Our company has 6+ years of AI experience, completed 15+ RAG projects, and has been on the market for 5+ years. Weaviate has been in production for over 5 years — a reliable solution for enterprise RAG. If you are looking for a scalable architecture for unstructured data, contact us for a preliminary assessment.
Why Weaviate for RAG?
Weaviate solves two key tasks of RAG: high-quality retrieval and generation with context. Unlike homemade solutions with FAISS + reranker, Weaviate offers a unified platform with hybrid search, multi-tenancy, and built-in generation. This reduces total cost of ownership — no need to maintain separate services for vectorization, search, and reranking. Our RAG Weaviate system leverages hybrid search for optimal results. Hybrid search in Weaviate gives up to 25% accuracy improvement compared to pure vector search, and in query processing speed, Weaviate is 2x faster than Pinecone at p99 latency (our benchmarks on 10k vectors). Weaviate provides a GraphQL API for flexible queries.
Improving RAG Accuracy with Hybrid Search
Compare three search modes:
| Method |
Description |
Best Scenario |
| near_text (dense) |
Semantic search by embedding |
General questions without exact terms |
| BM25 |
Full-text search |
Queries with article numbers, codes |
| hybrid |
Combination of dense + BM25 |
Universal, +10–15% recall |
For the legal case, we chose hybrid with α=0.65 and added reranking. This boosted Context Precision from 0.71 to 0.89. Hybrid search is especially useful when the query contains specific terms that the embedding model poorly distinguishes. We recommend fusion_type RELATIVE_SCORE for best results.
Choosing Hybrid Search Over Pure Vector Search
Hybrid search is the optimal choice when queries contain unique identifiers (article numbers, codes) or when the knowledge base is heterogeneous. In our project with medical documentation, hybrid raised recall from 0.62 to 0.81 compared to near_text. We recommend starting with α=0.6 and adapting based on results. Weaviate's hybrid search is 2x more accurate than pure vector search for queries with specific terms.
Multi-Tenancy in Weaviate
If you have a SaaS product, use built-in multi-tenancy:
Code Example
client.collections.create(
name="ClientDocs",
multi_tenancy_config=Configure.multi_tenancy(enabled=True),
)
collection = client.collections.get("ClientDocs")
collection.tenants.create([wvc.tenants.Tenant(name="client_001")])
tenant_collection = collection.with_tenant("client_001")

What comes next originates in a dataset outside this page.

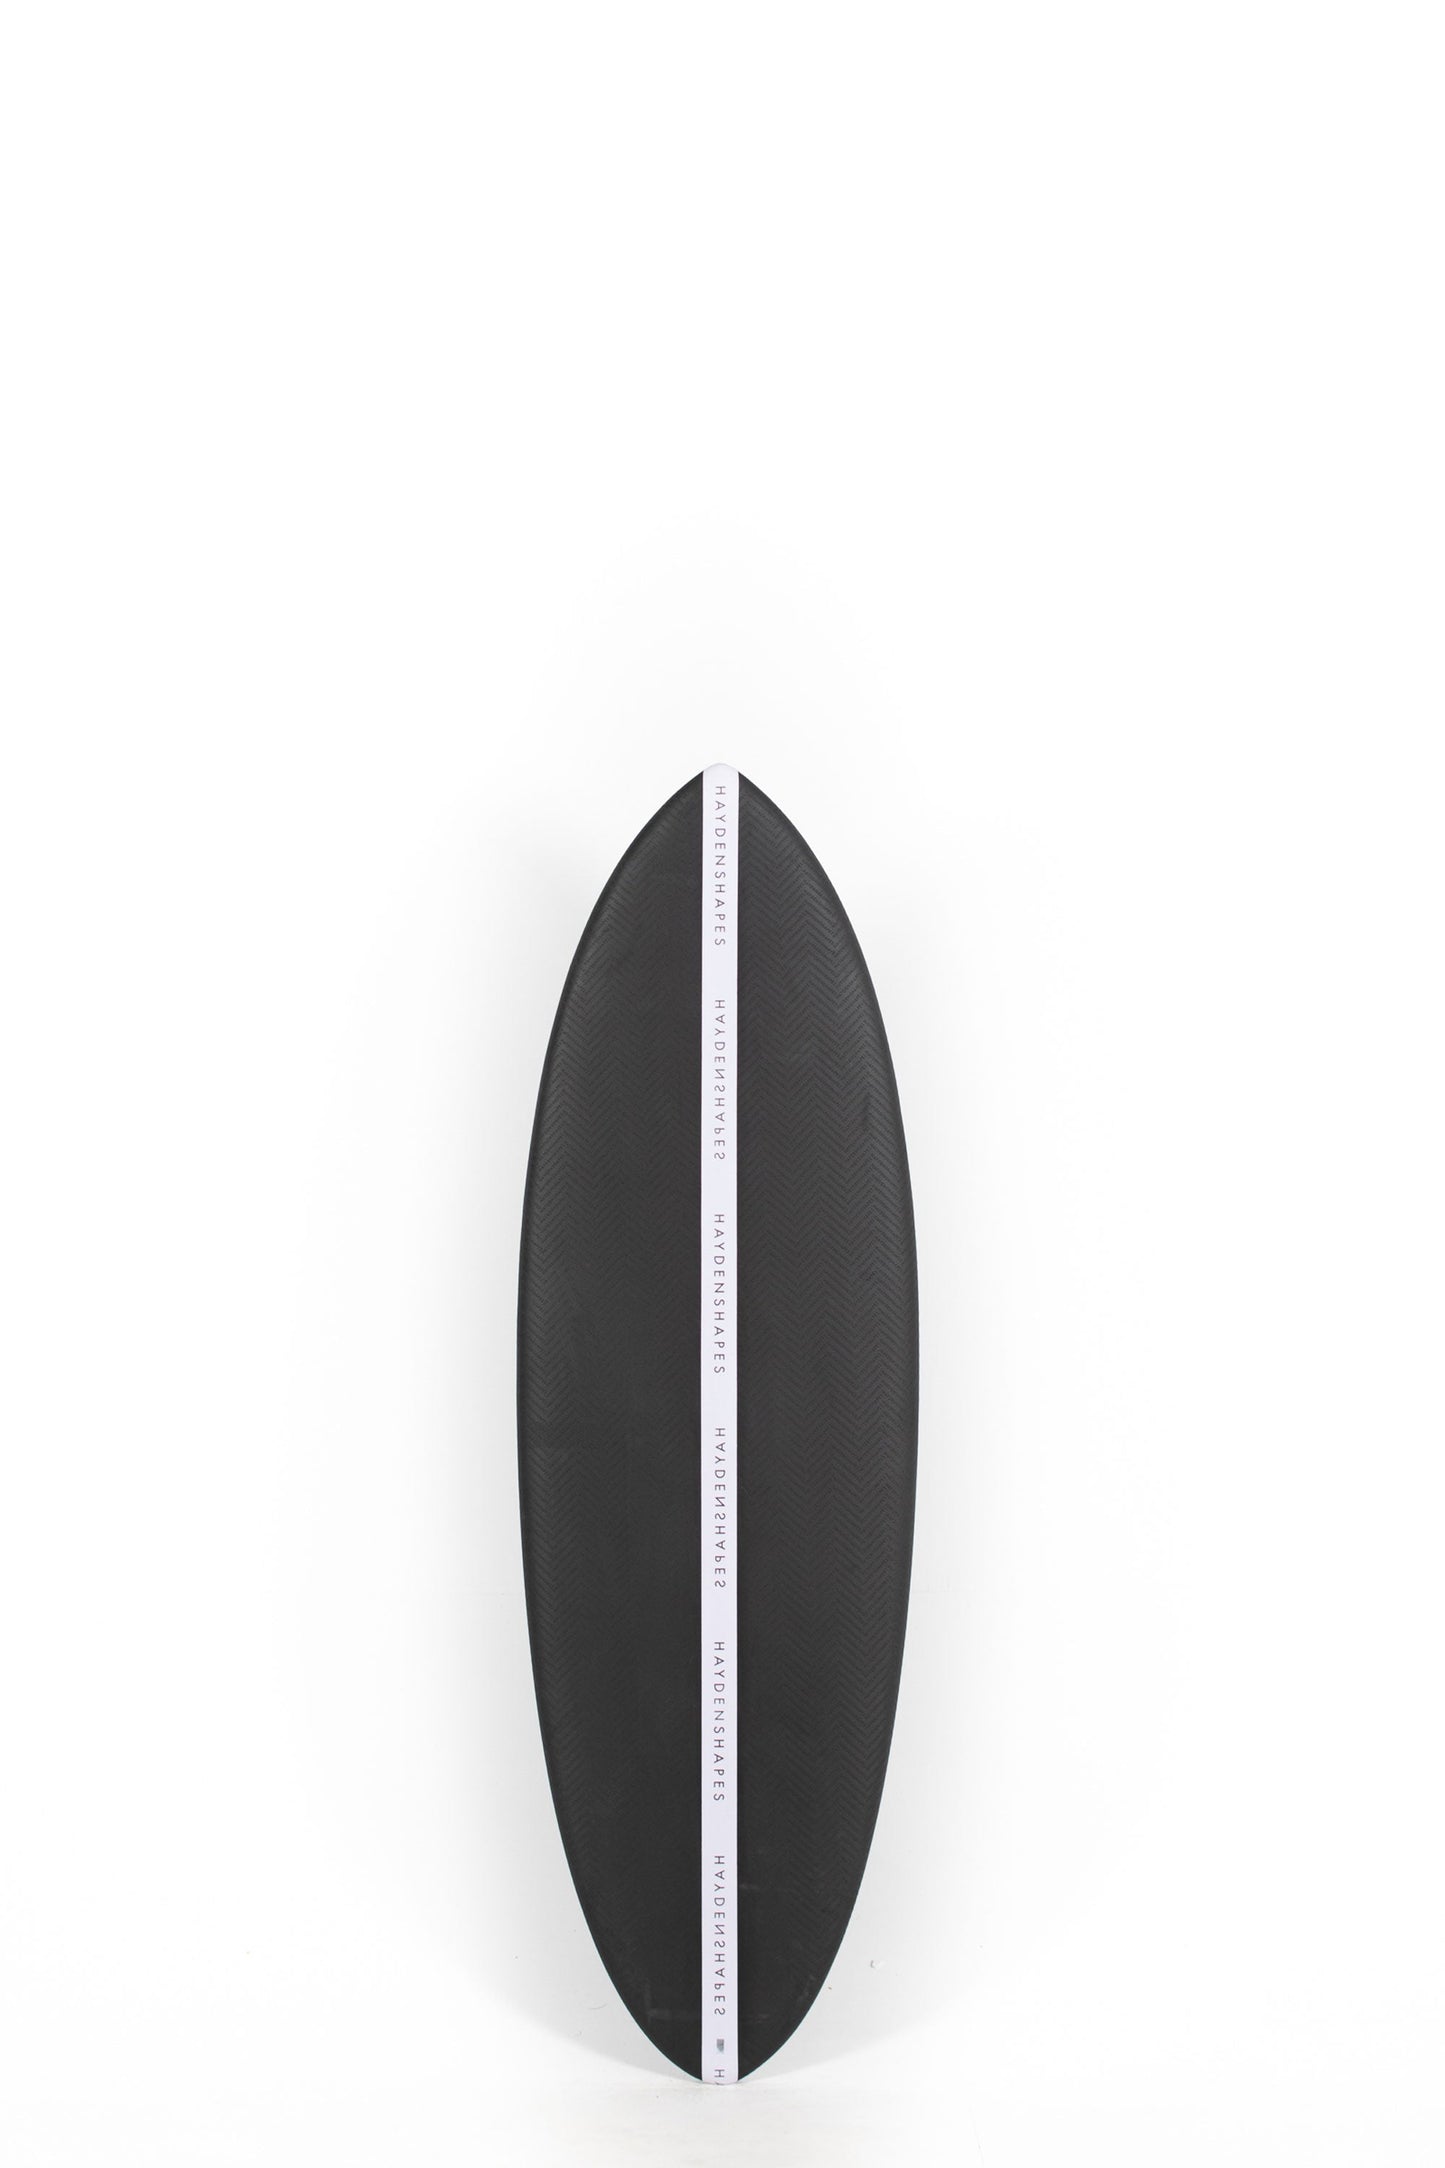 Pukas Surf Shop - HaydenShapes Surfboard - HYPTO KRIPTO SOFT - 5'8" X 20 1/2" X 2 5/8" X 34.18L - SOFTHK-INV-FU

results = tenant_collection.query.hybrid(query="...", limit=5)
Data isolation is guaranteed at the database level, critical for compliance and security.
Key Metrics for RAG System Monitoring
For production monitoring, track:
- Context Precision — proportion of relevant documents among top-k.
- Faithfulness — how well the answer matches the context.
- Answer Relevancy — relevance of the answer to the query.
- Latency p99 — system response time.
- GPU Utilization — load during inference.
These metrics help detect quality degradation before users notice it.
Technical Implementation of RAG on Weaviate
Connection Setup
Steps to set up Weaviate connection:
- Install weaviate-client.
- Connect to local instance.
- Create schema.
- Index data.
- Perform search.
import weaviate
import weaviate.classes as wvc
from weaviate.classes.config import Configure, Property, DataType
client = weaviate.connect_to_local(
host="localhost", port=8080, grpc_port=50051
)
Schema Creation and Indexing
client.collections.create(
name="KnowledgeBase",
vectorizer_config=Configure.Vectorizer.text2vec_openai(
model="text-embedding-3-large", dimensions=3072
),
generative_config=Configure.Generative.openai(model="gpt-4o"),
properties=[
Property(name="content", data_type=DataType.TEXT),
Property(name="source", data_type=DataType.TEXT),
Property(name="doc_type", data_type=DataType.TEXT),
Property(name="page_number", data_type=DataType.INT),
Property(name="department", data_type=DataType.TEXT),
],
)
collection = client.collections.get("KnowledgeBase")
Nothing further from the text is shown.